Friday, April 20, 2012

Avocado Egg Salad

I hate mayonnaise. It smells funny, it has a weird color, and it jiggles. 


Unfortunately, I like a lot of things that have mayonnaise in them, so I started using avocado as a replacement. Here is an egg salad that is equally good made with tofu. Feel free to add or replace ingredients to your taste.




Avocado Egg Salad

4 hard boiled eggs or 1 cup extra firm tofu
1 ripe avocado
1 t lime juice
1 T finely chopped red or mild white onion
finely minced jalapeño (to taste, optional)
finely minced garlic (to taste, optional)
salt
black pepper
chipotle chili powder (to taste, optional)

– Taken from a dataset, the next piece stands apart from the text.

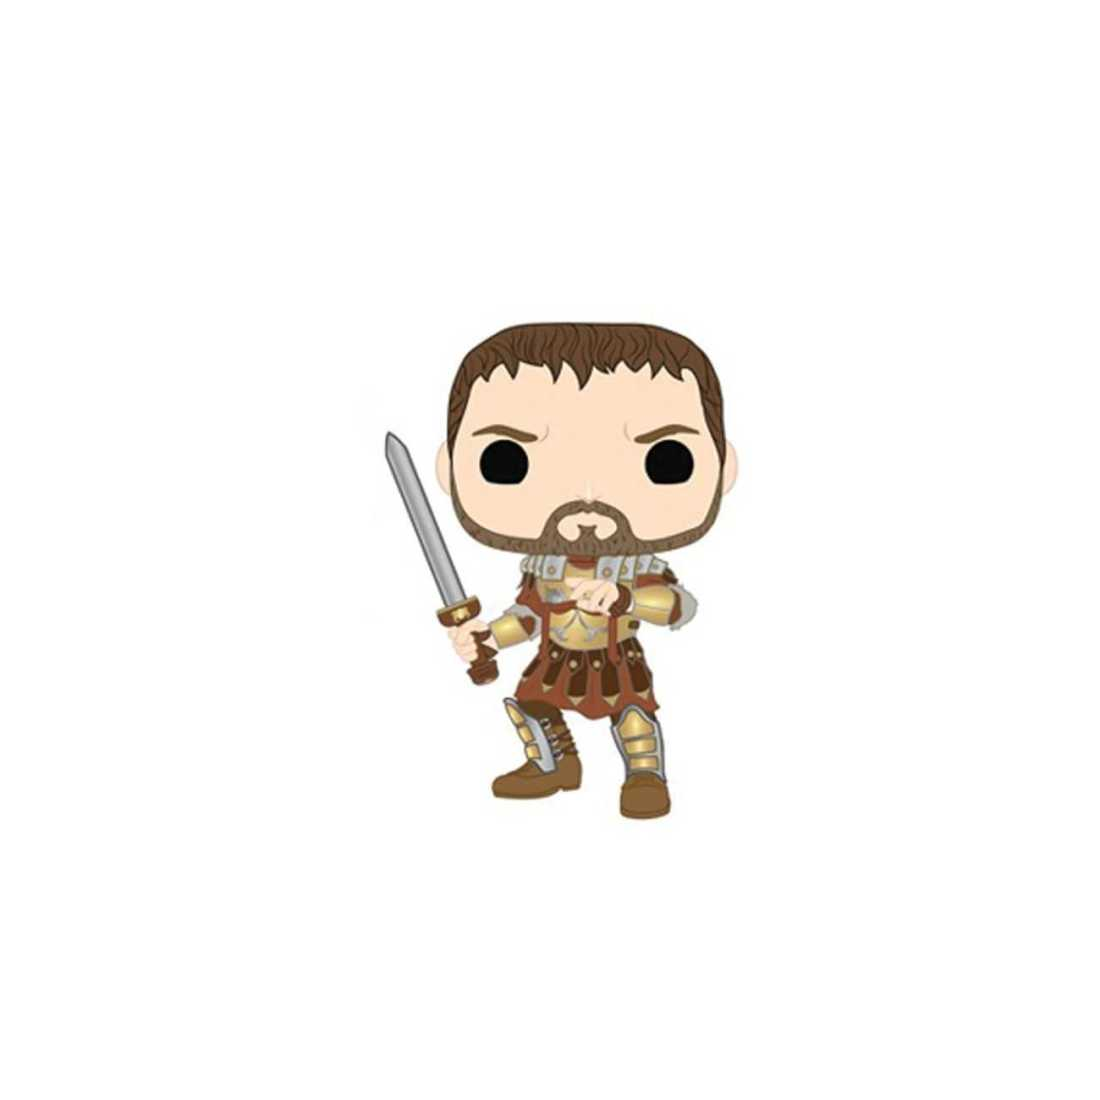 40817_POPMovies_Gladiator_Maximus2_NotFinal_webEDIT.jpg

Put the avocado flesh into a bowl and mash it with a fork until it becomes smooth. Peel and cut the eggs into a few pieces, put them into another bowl, and mash with a fork until you form small chunks. If you are using tofu instead of eggs, wrap it in paper towels and put a heavy plate on top of it for 30 minutes to an hour to squeeze out the excess water before mashing it. 

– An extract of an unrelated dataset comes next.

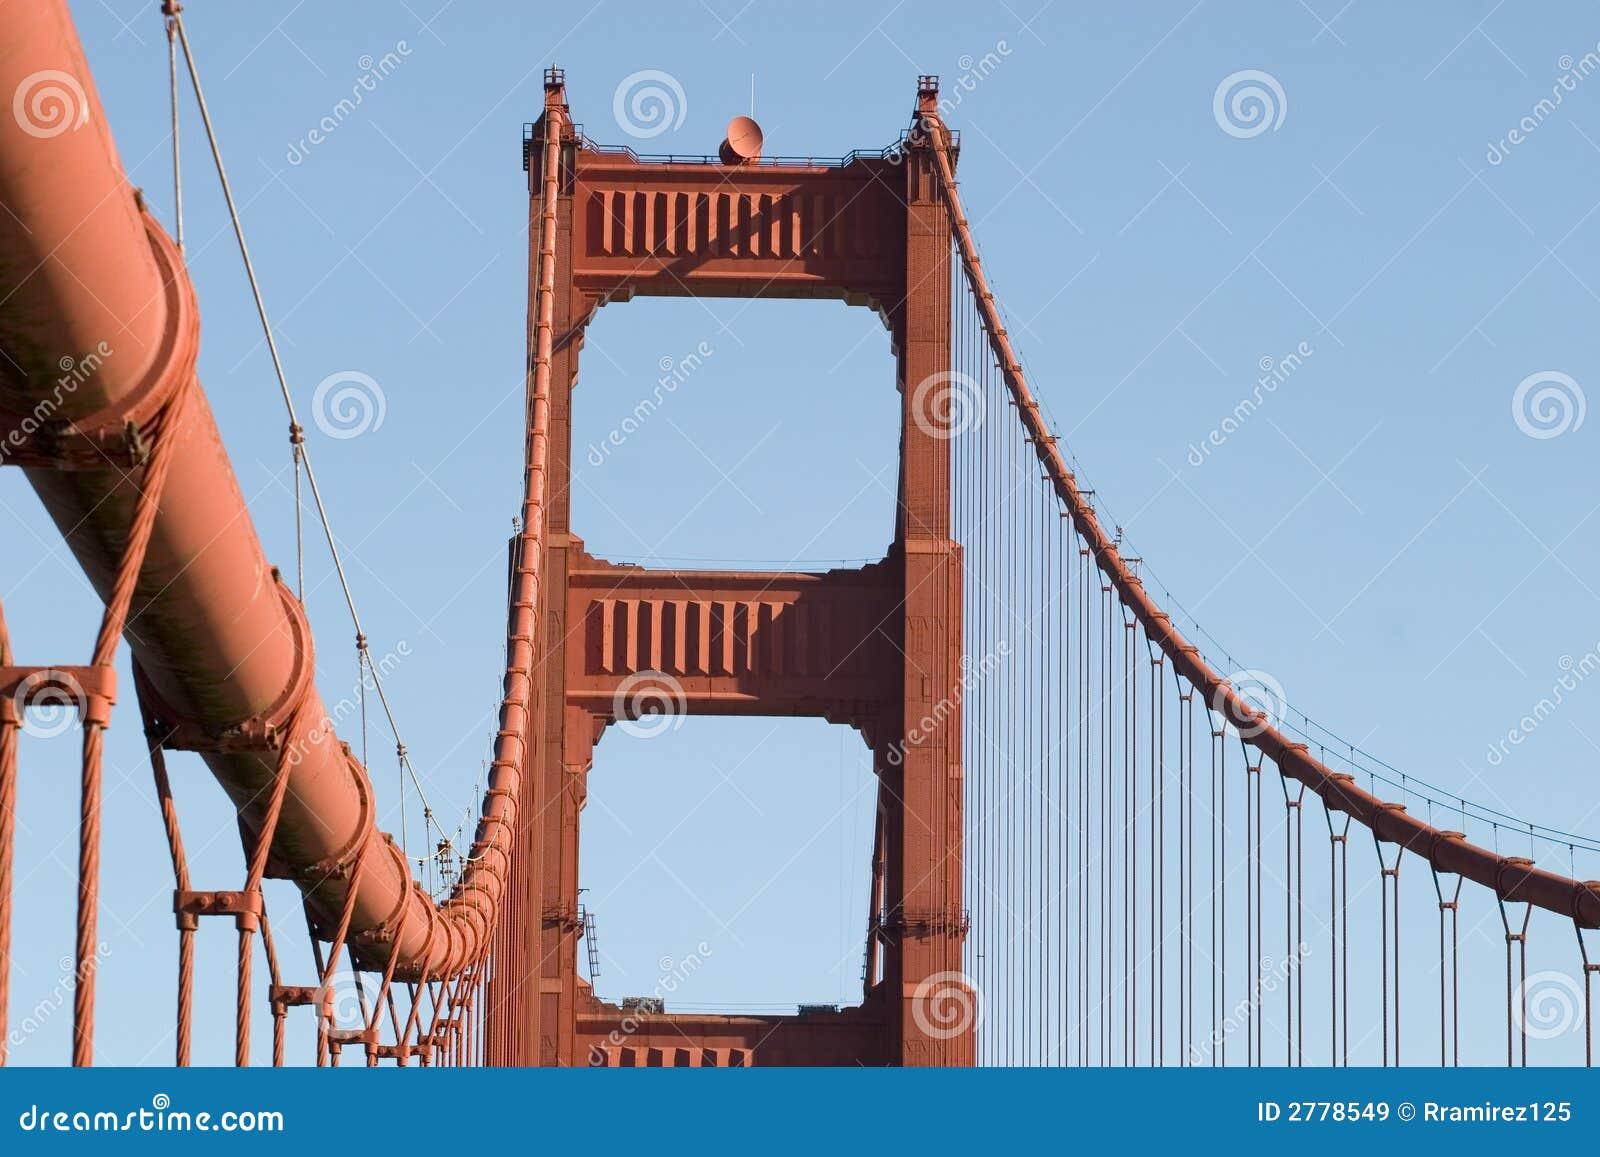 Close up tower Golden Gate

Fold the egg or tofu into the mashed avocado and add to the mixture the lime juice, onion and jalapeño and garlic if using. Add salt and black pepper to taste. Add in the chipotle chili powder to taste, if using, or sprinkle it on top if serving open faced sandwiches or on crackers, like in the picture at the top. This salad can also be served on lettuce leaves, with pita chips, or you could just eat it with a spoon.


This recipe only takes about 10 minutes to make. Serves 4 and each serving has 156 calories. Avocados have healthy monounsaturated fat and 35% more potassium than bananas. They are also high in B vitamins, vitamin E, vitamin K and fiber so enjoy them!